Employees may not have much of a choice in several years, however. Though Obamacare’s employer mandate is has been delayed for all companies until 2015 and for mid-sized companies until 2016 amid pushback from businesses predicting job losses, if the mandate does go into action employees should expect wage cuts, at least.

“Rising medical costs have prompted employers to shift a larger share of health care costs to workers, many of whom are already feeling financially stressed from the recession and benefit cutbacks,” said David Speir, a senior consultant at Towers Watson. “While employees rely on and value their health care benefits, they are clearly not happy about their health care costs.”

Towers Watson’s results are valid through 2013, before most Obamacare regulations became active. Now that most portions of the health care law are in action, the cost of health care is escalating for both employers and employees.

A Monday survey of health care benefits managers from PlanSource found 60 percent of health care benefits managers expect Obamacare to hike employers’ health care costs even further. (RELATED: Survey: 60 Percent Of Health Care Benefits Managers Expect Obamacare To Increase Costs)

Employers are being required to provide more employees with more inclusive health care plans due to Obamacare regulations mandating minimum essential health benefits. But at the same time, medical companies and insurers are being hit with billions in taxes to pay for the costly health care law.

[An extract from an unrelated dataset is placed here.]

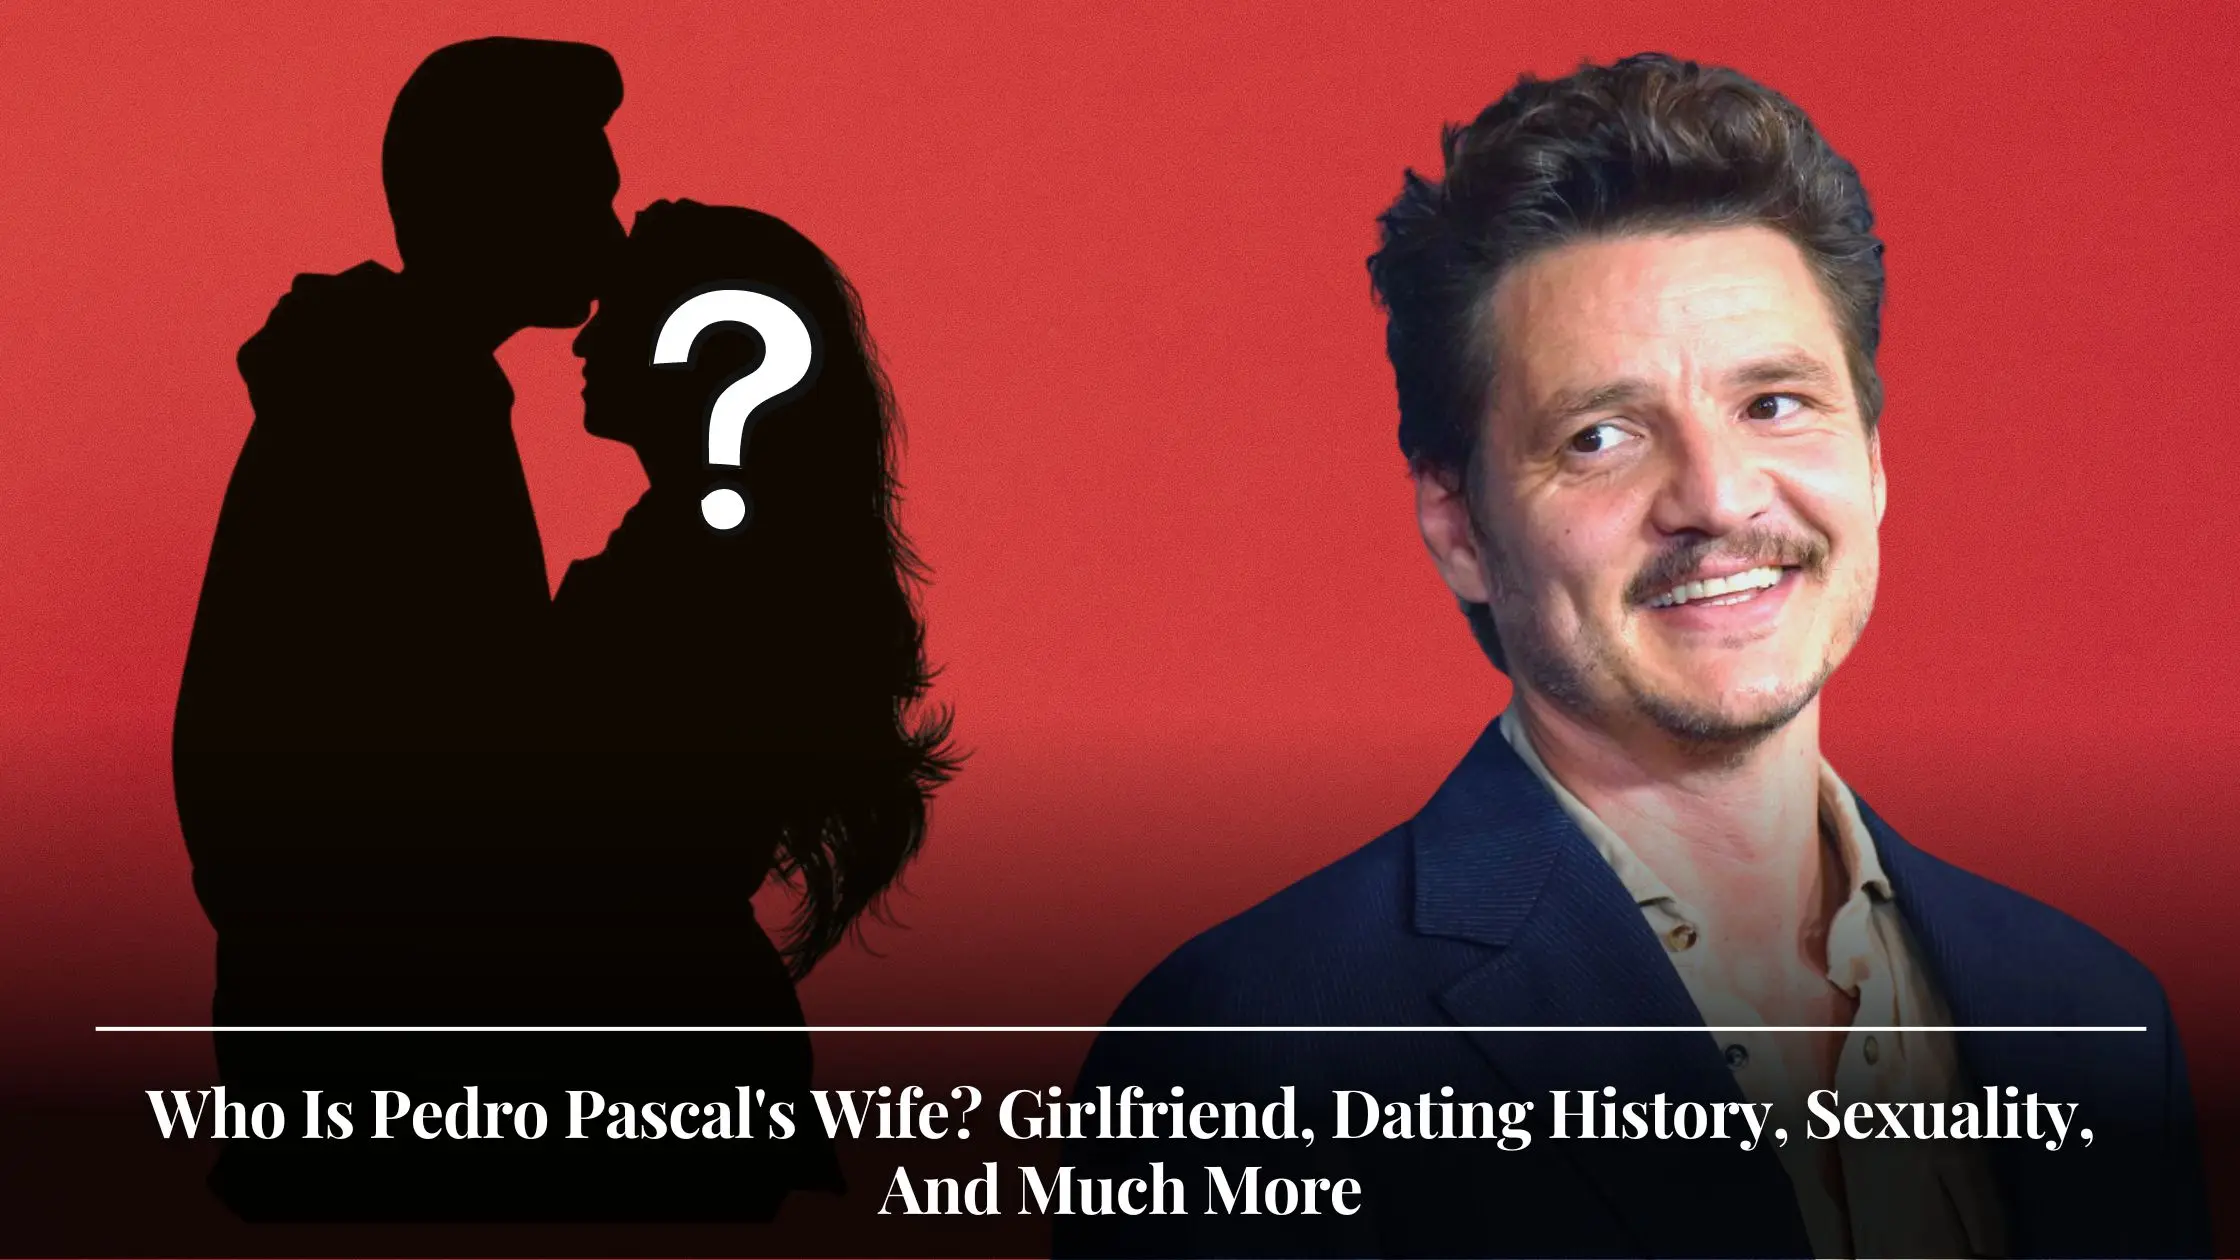 Who Is Pedro Pascal's Wife Girlfriend, Dating History, Sexuality, And Much More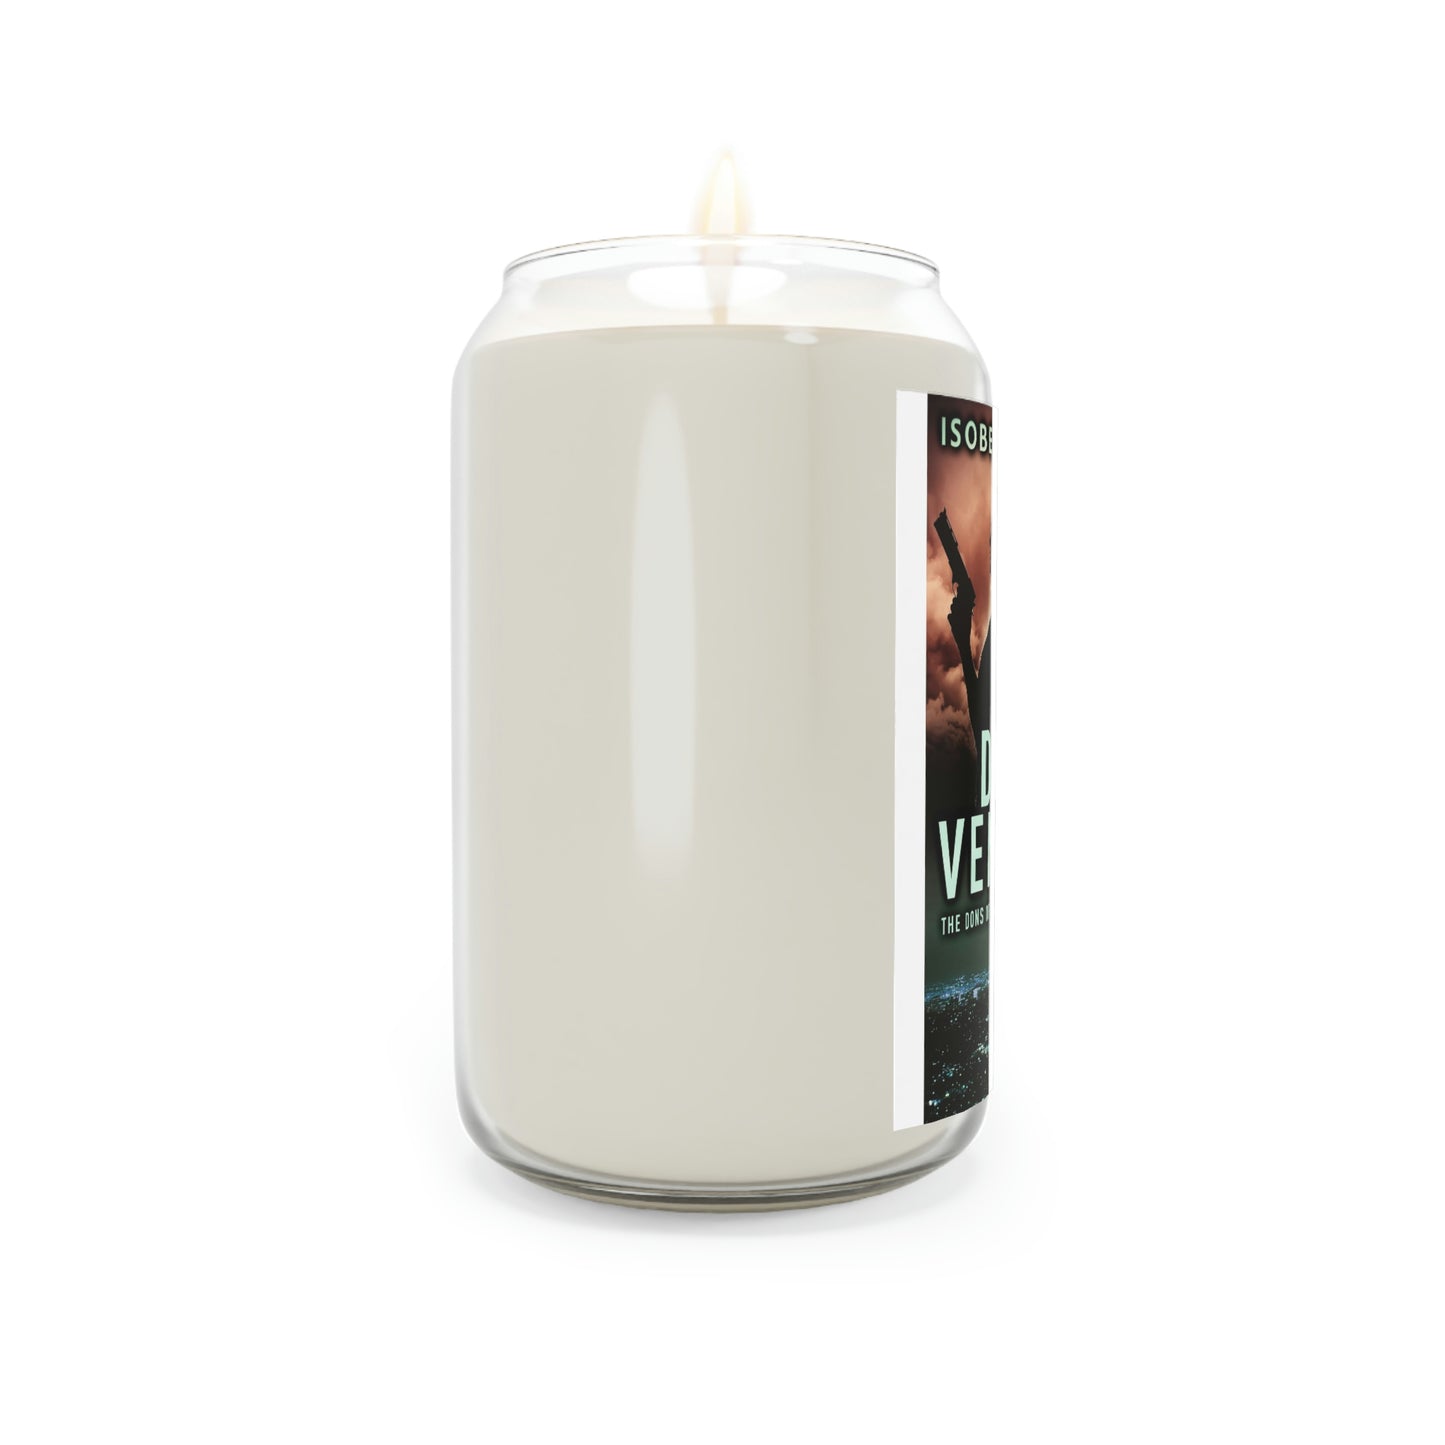 Don's Vendetta - Scented Candle

The cost crunch is forcing many insurers to create much narrower networks of medical providers covered by their health care plans, potentially contributing to workers’ perception of lower-quality health care benefits.

Meanwhile, insurance premiums are rising at the sharpest level seen in years.

Now many workers have shifted their focus to retirement benefits instead. Workers’ willingness to sacrifice more for health care may have fallen in the past several years, but a 62 percent majority of those surveyed would give up pay for a new guaranteed retirement benefits.